In the latest developments with Russia, the G-8 group of nations said it would suspend Russia from the group and move a June summit planned for Sochi to Brussels. The leaders also said they would consider expanded sanctions against Russia as actions have already rocked the Russian stock market and the ruble. Back at home, a manufacturing report showed activity slowing in March. The Markit Purchasing Managers Index fell from 57.1 in February to 55.5, below estimates of 56.5. Still, February's reading was near a four-year high, and the figure was enough to indicate a moderate expansion in manufacturing activity.
Among stocks tumbling today was Netflix (NASDAQ:NFLX), which lost 6.7% on news that Apple (NASDAQ:AAPL) and Comcast (NASDAQ:CMCSA) have held talks about partnering up.
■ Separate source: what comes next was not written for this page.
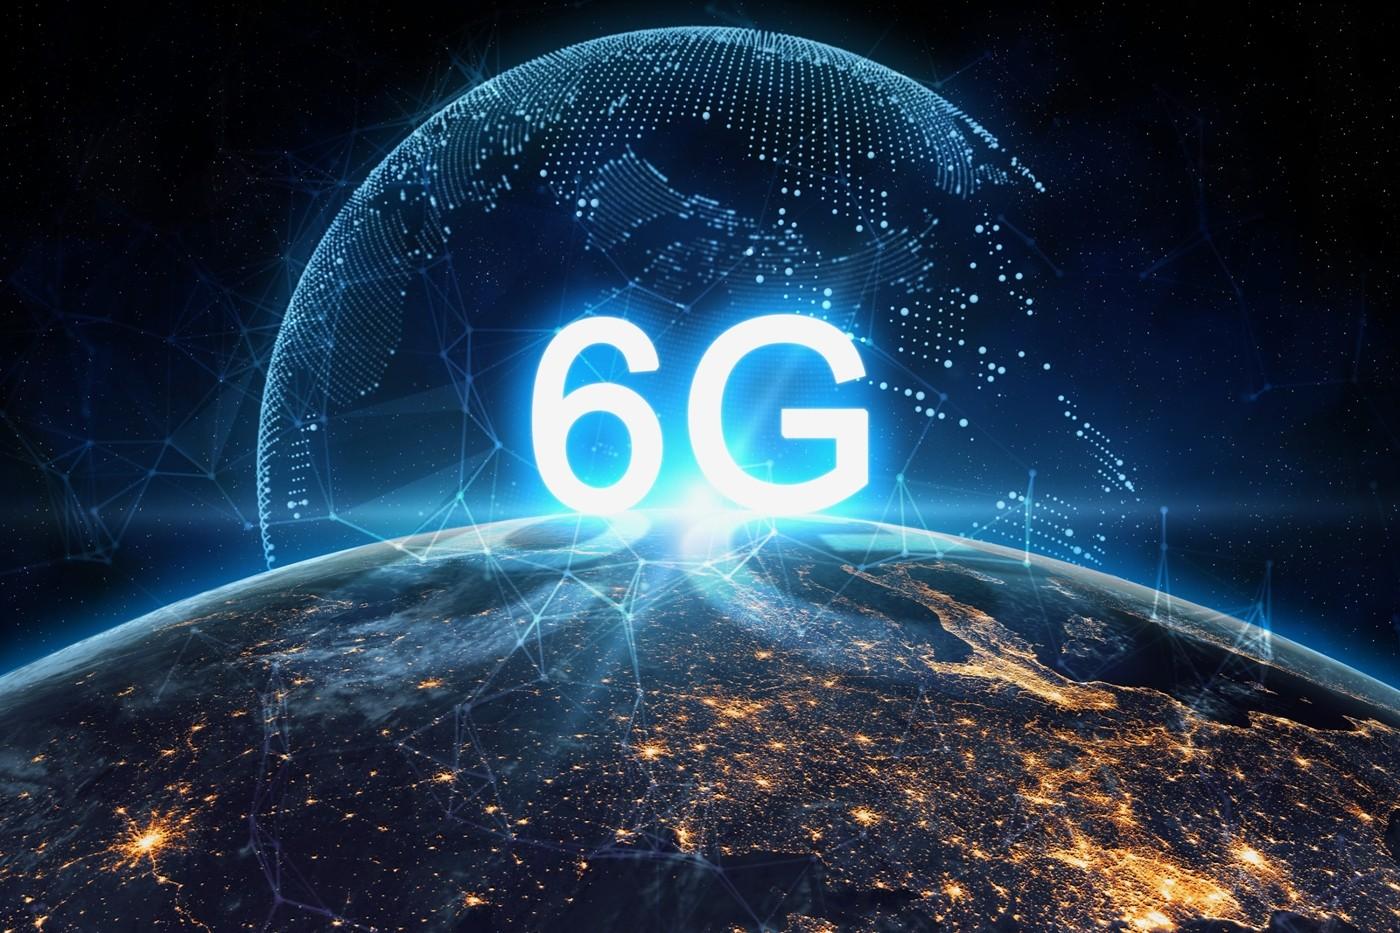 Китайцы запустили первый в мире спутник для тестирования 6G

This morning, The Wall Street Journal reported that Comcast and Apple had been discussing creating a streaming television service that would use an Apple set-top box and Comcast broadband to ensure steady delivery. The talks are still in early stages and would face a variety of obstacles including regulatory issues, but could revolutionize TV. If a deal goes through, it could certainly pose a threat to Netflix, the current leader in video streaming. The report also demonstrates the difficulty of maintaining a leadership position in a fast-changing industry. Despite its current dominance in streaming, Netflix by no means has a lock on the industry, and with cable companies losing subscribers, it makes sense that they'd seek new partners. Apple shares finished up 1.2% on the day, while Comcast gained 0.6%.
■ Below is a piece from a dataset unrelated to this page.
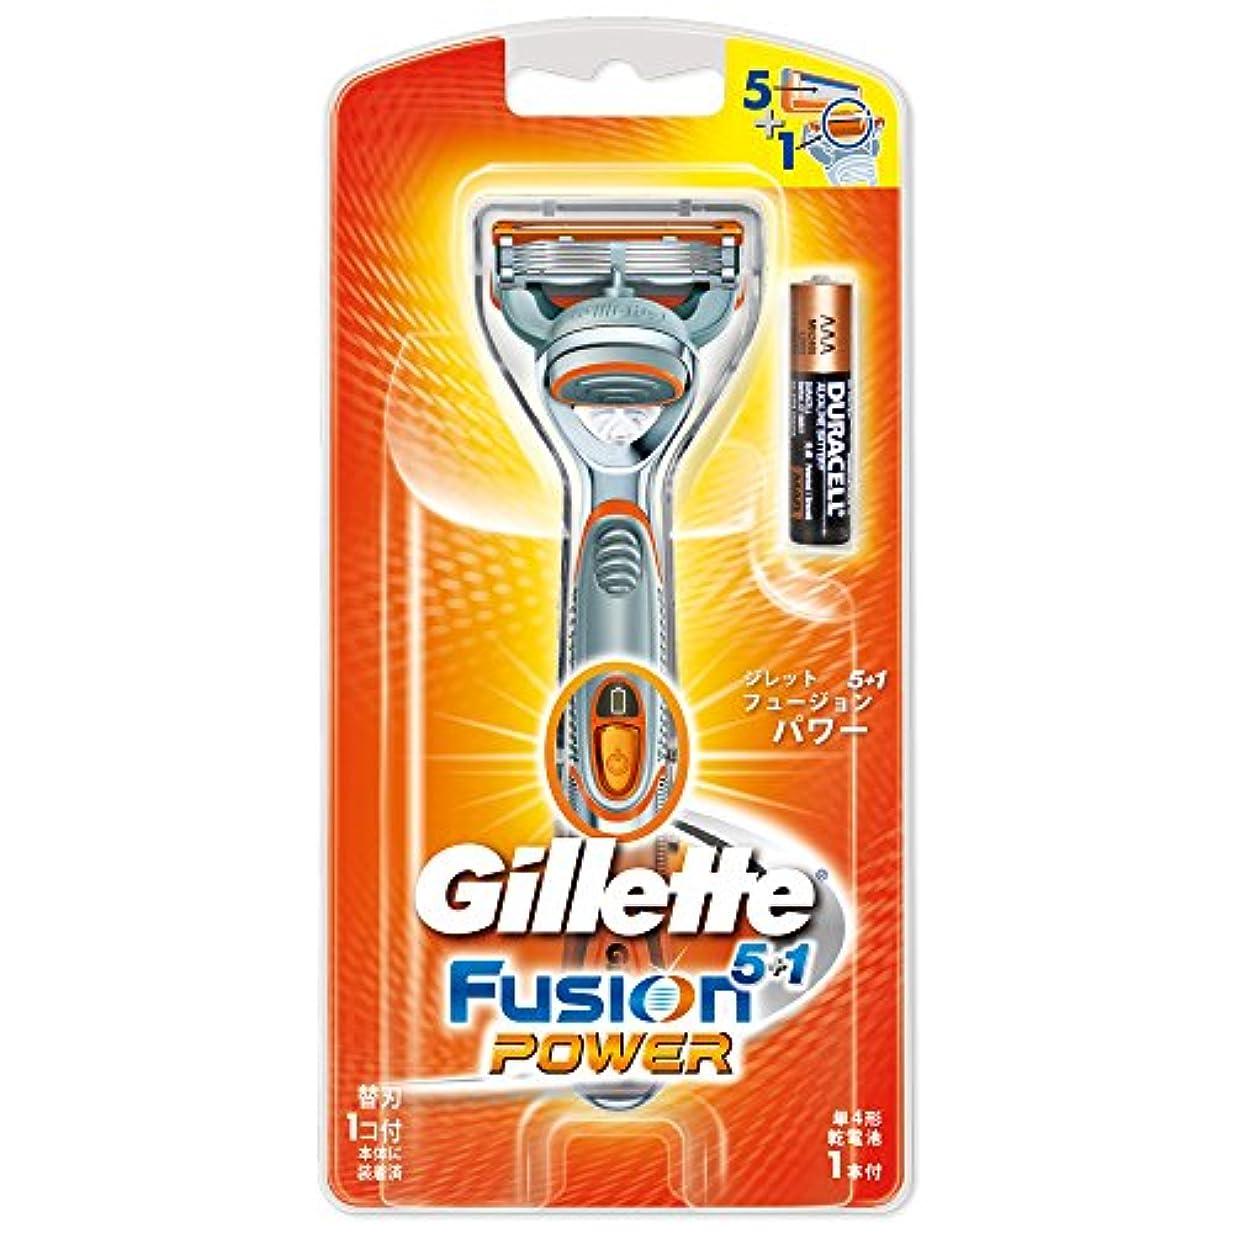 つぶす非互換平野ジレット 髭剃り フュージョン5+1 パワー 本体

Elsewhere, Nu Skin Enterprises (NYSE:NUS) jumped 18% after the company received what amounted to just a slap on the wrist in China. The maker of beauty products had seen its shares drop 40% in just two days in January when Chinese regulatory agencies announced an investigation into the multilevel marketing company's practices. Today, Nu Skin said it was fined just $540,000 for selling certain products through individual direct sellers instead of through its retail stores, and for product claims that lacked sufficient supporting evidence. Despite the jump, shares are still down close to 40% from before the investigation was announced as Nu Skin's guidance remains muted, and the company seems to be awaiting government permission to resume normal business activities. Still, after sales nearly doubled in its most recent quarter, the stock looks dirt cheap at a P/E of just 15.